Instructions to follow.
Please give back each line below unchanged; none of the pictures should appear.

Source material.
• • • • • • •

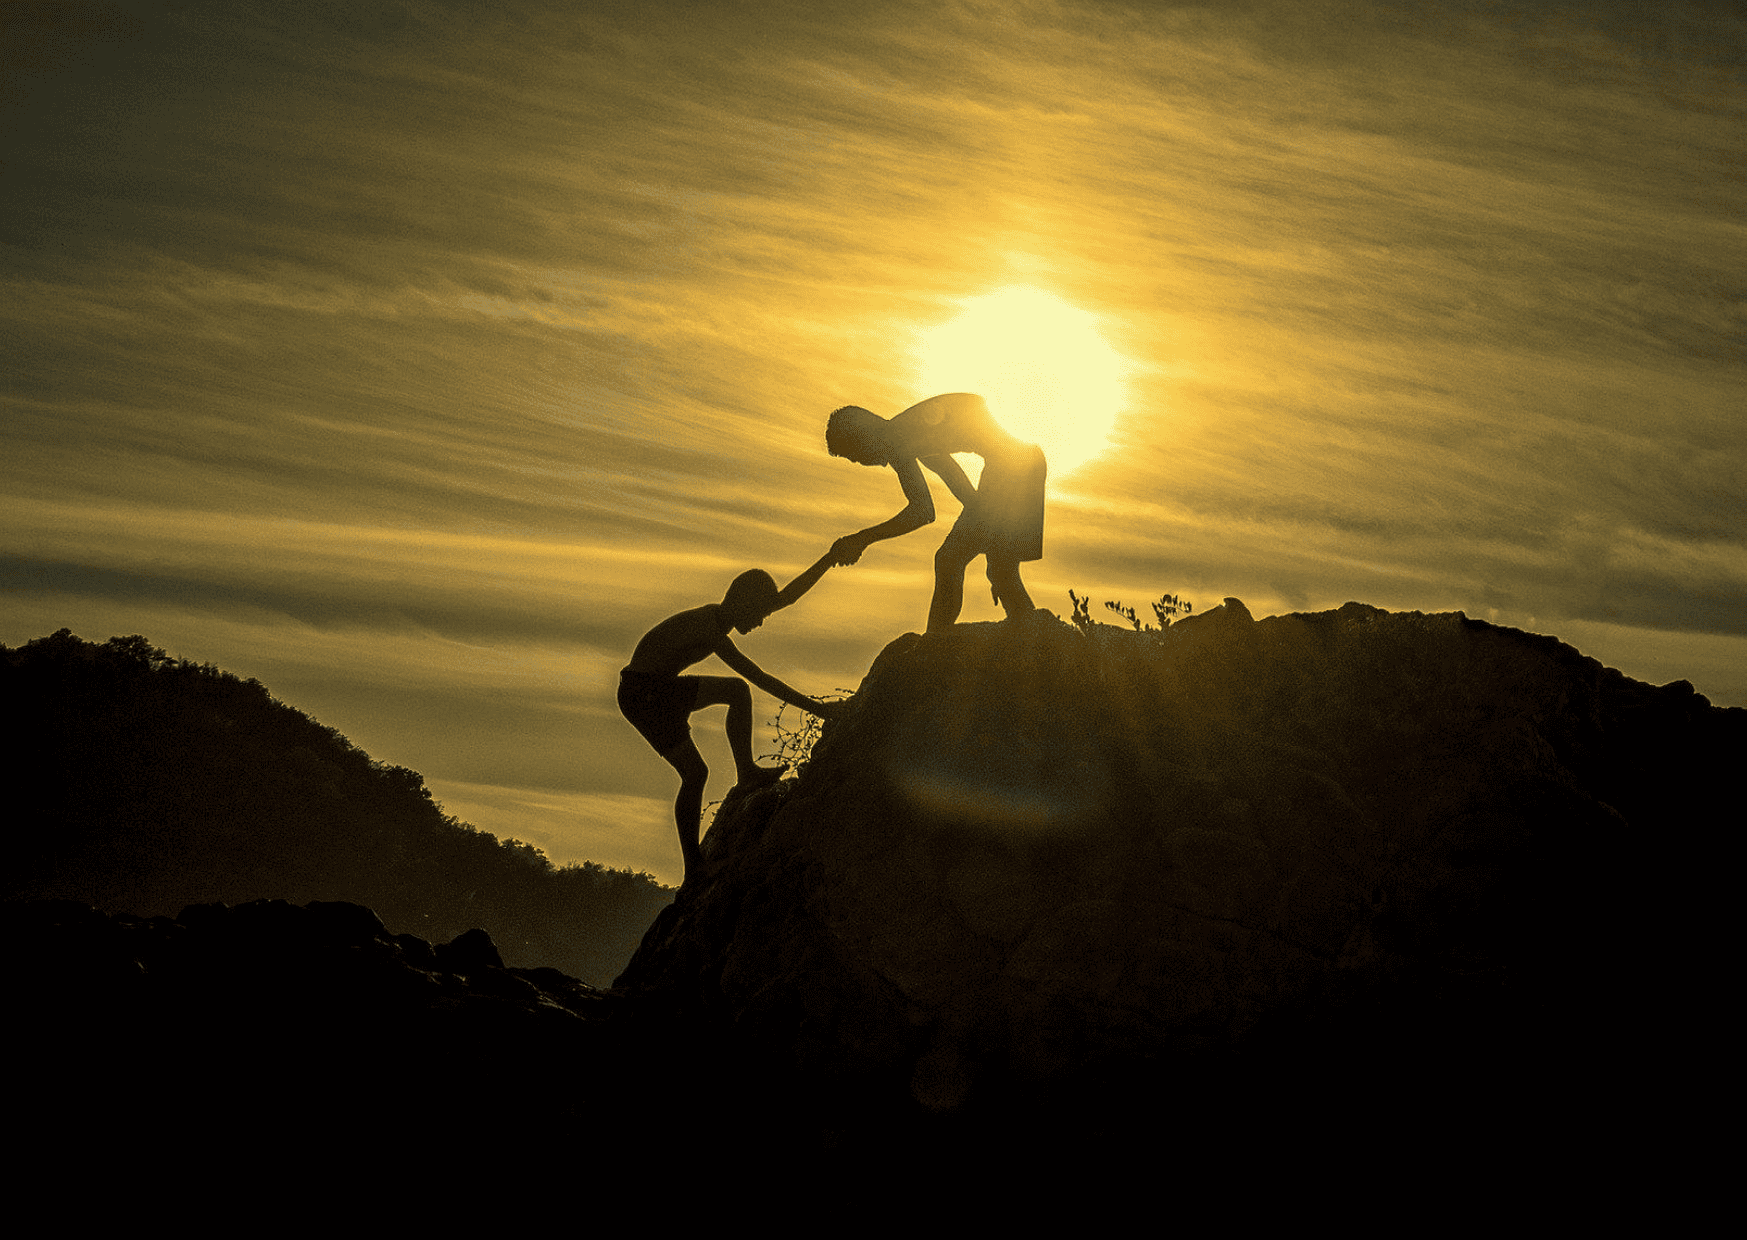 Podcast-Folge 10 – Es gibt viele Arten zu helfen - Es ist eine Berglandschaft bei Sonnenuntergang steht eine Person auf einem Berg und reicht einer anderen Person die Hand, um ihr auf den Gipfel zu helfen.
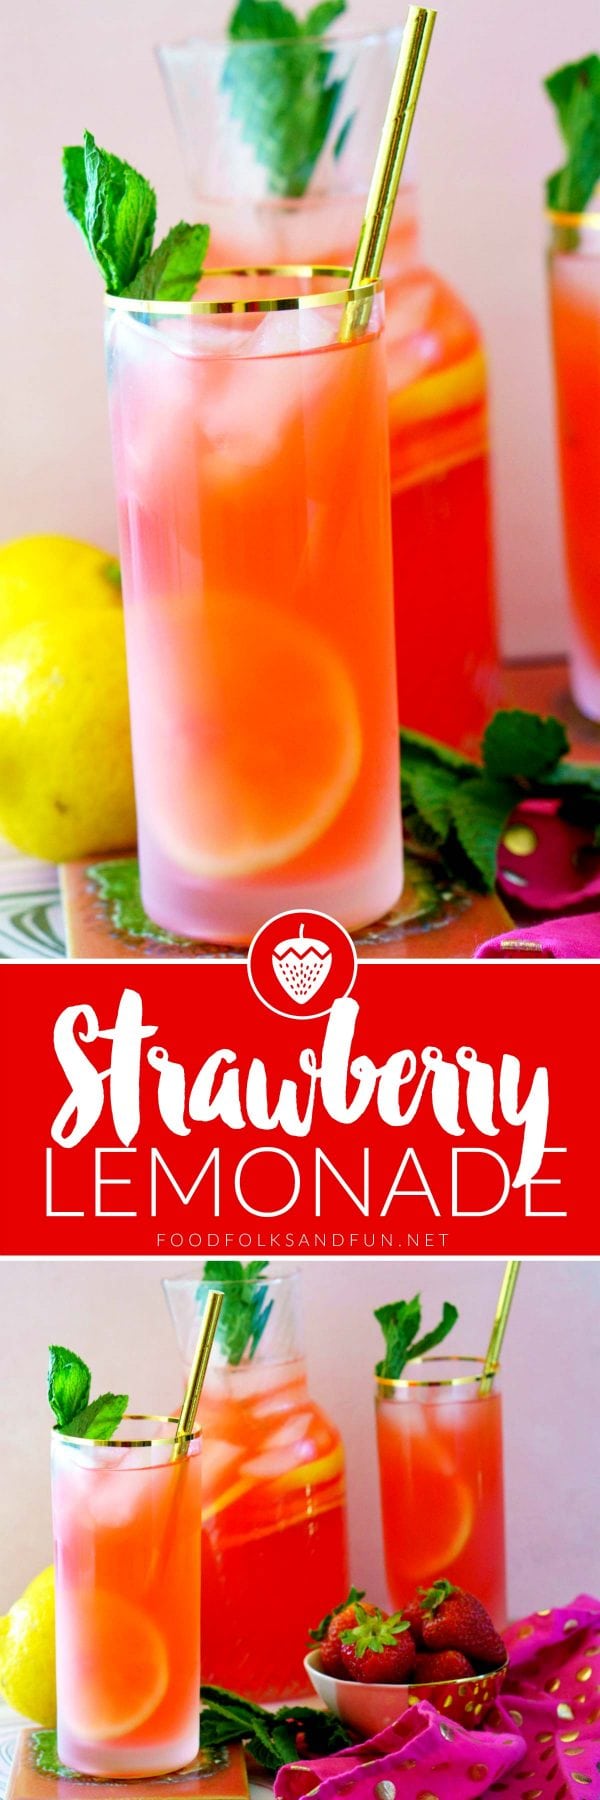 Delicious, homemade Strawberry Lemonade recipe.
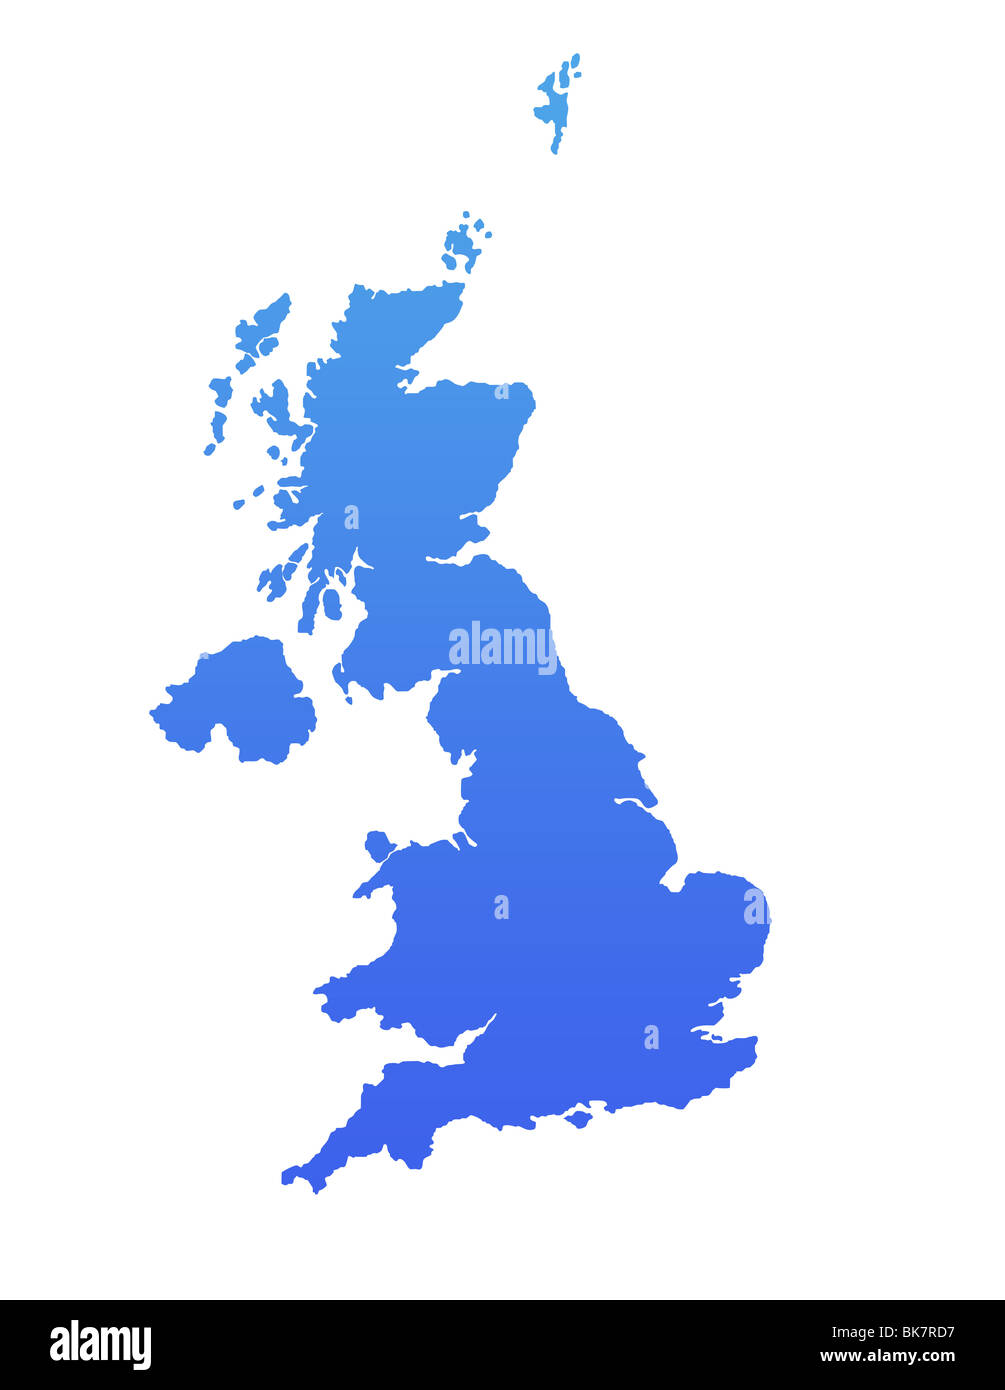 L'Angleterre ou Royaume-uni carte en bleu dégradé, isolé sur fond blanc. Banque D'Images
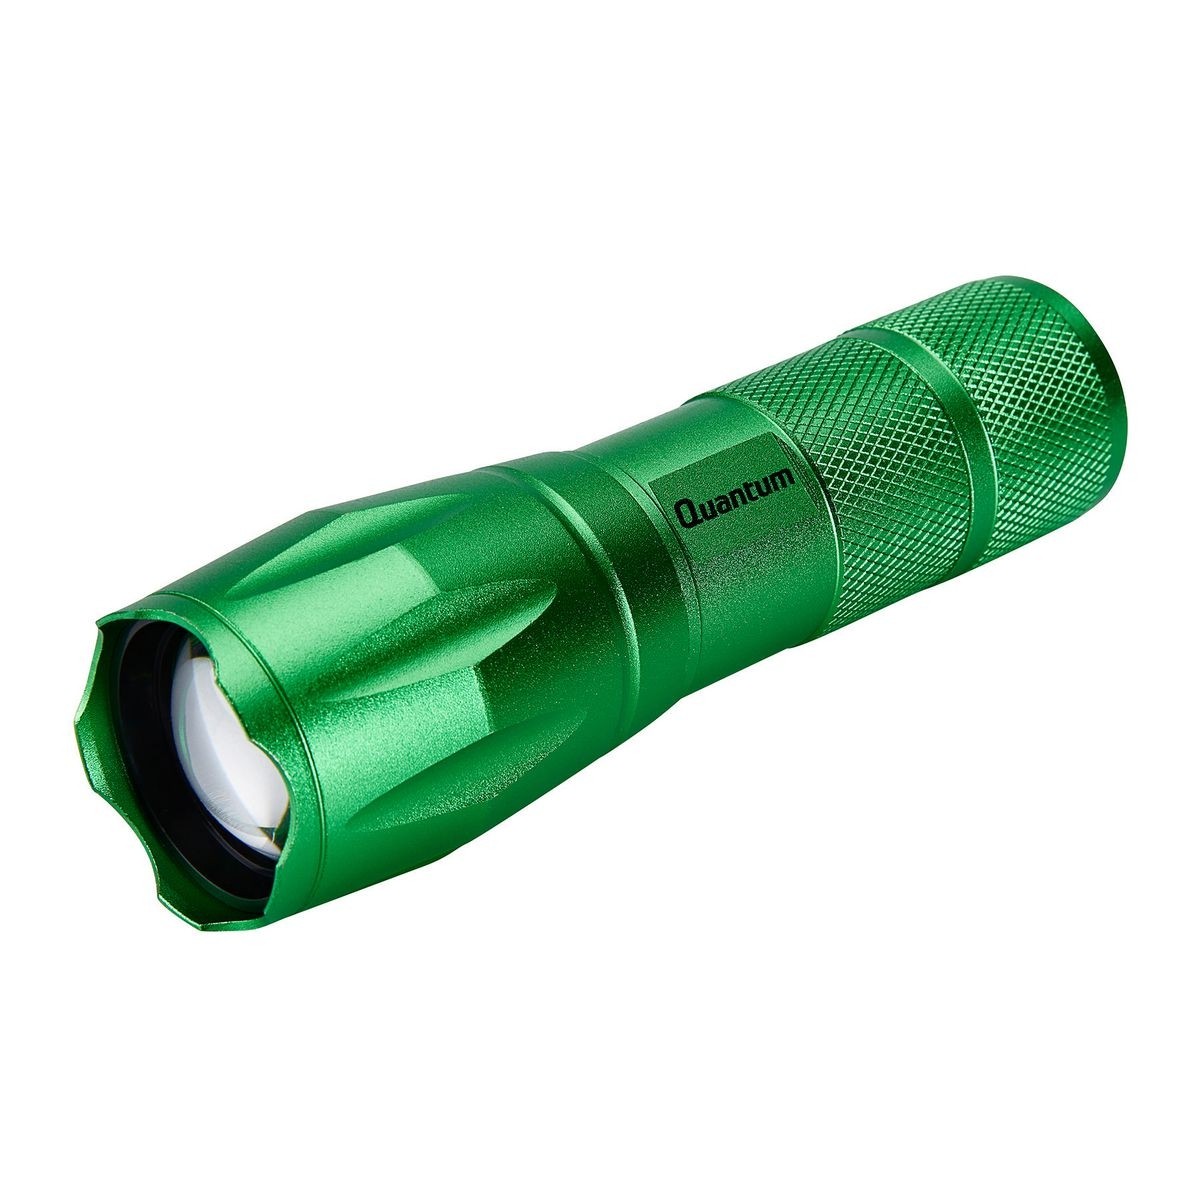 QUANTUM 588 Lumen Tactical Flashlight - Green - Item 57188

• • • • • • •

Task solution.
 Podcast-Folge 10 – Es gibt viele Arten zu helfen - Es ist eine Berglandschaft bei Sonnenuntergang steht eine Person auf einem Berg und reicht einer anderen Person die Hand, um ihr auf den Gipfel zu helfen.
 Delicious, homemade Strawberry Lemonade recipe.
 L'Angleterre ou Royaume-uni carte en bleu dégradé, isolé sur fond blanc. Banque D'Images
 QUANTUM 588 Lumen Tactical Flashlight - Green - Item 57188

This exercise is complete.